Review of Charles Way's adaptation of 'On the Black Hill'
Taken from the Western Mail, October 19th 2007; review by David Adams.

'BRUCE CHATWIN’S marvellous novel, set just outside Abergavenny, has proved to be a minor classic. Andrew Grieve’s film of the book was vivid and much admired and Charles Way’s stage adaptation for the Made in Wales Stage Company, was one of that company’s finest hours. Now Way, a quarter-of-a-century on, has adapted it again for the ajtc Theatre Company and Guildford Yvonne Arnauld Theatre. How times have changed during that time is evident, not so much in the script but in the form – a play that had a cast of 12 is now a two-hander plus accompanying cellist.

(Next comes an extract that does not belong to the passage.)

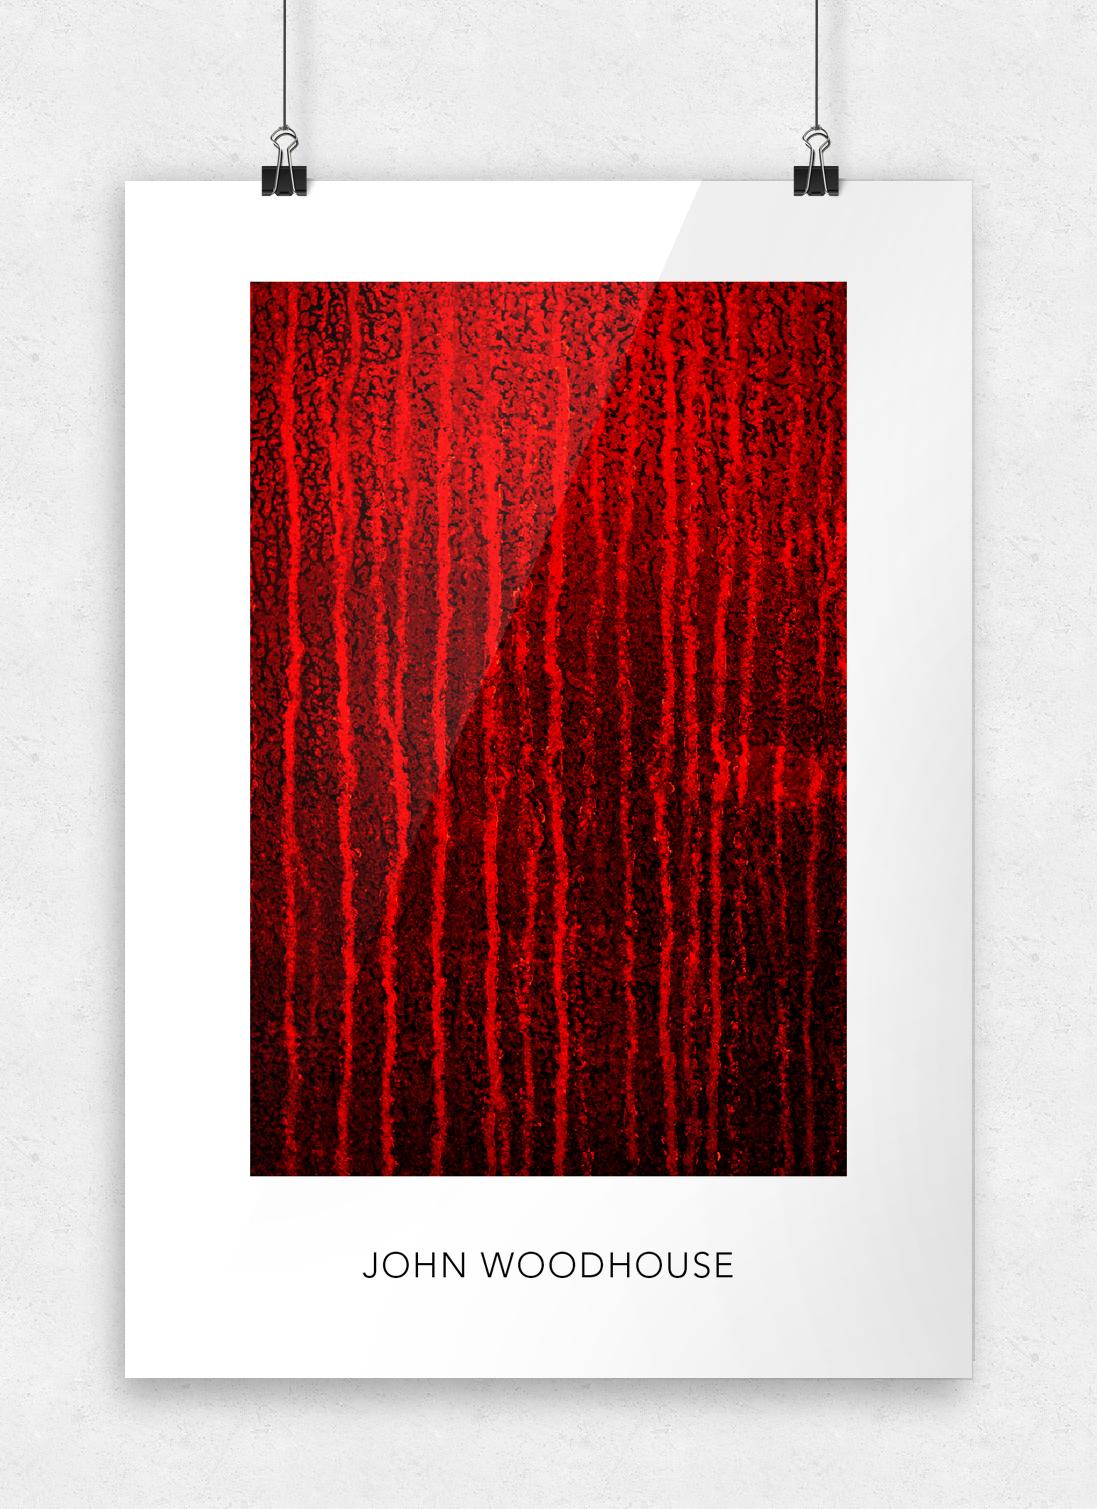 JW-Posters-Template_11.jpg

Way was in many ways the ideal writer to adapt On The Black Hill. Not only is his home in Abergavenny, but his plays take that same long view, seeing a world of change in the lives of a few.
And Gwent Theatre’s small space in Abergavenny, the Melville Theatre, was the perfect place to catch the show on its UK tour.
I think this pared-down version, where that broad sweep is seen through the eyes of the two twins, could have worked. It is their relationship, their honest, uncluttered views, their unambitious coping with the vagaries of life, that is at the heart. But Iain Armstrong and Mick Jasper, while clearly committed, just don’t capture the essence in any way, rarely escaping their very Englishness, their simple cloth clothes and bare feet hinting at a dated pseudo-classic poor theatre, their scampering style at odds with the tenor of the narrative.
There is the inevitable accent problem – that border one isn’t easy to catch, but we are expected to accept here that two twins seem to come from two different parts of Wales.
But it isn’t just that, or the sub-Dylan Thomas- esque comedy of some scenes, or the difficulty of the actors playing the joint narrators, the two central characters and their parents and neighbours, including mother, sister and girlfriend.
It’s that the performance in general just doesn’t grab you, rarely moves you, and quite certainly doesn’t have the epic scope of the book or the original play. The short scenes and exaggerated playing of so many characters look like a cut-down comic-book version of a classic.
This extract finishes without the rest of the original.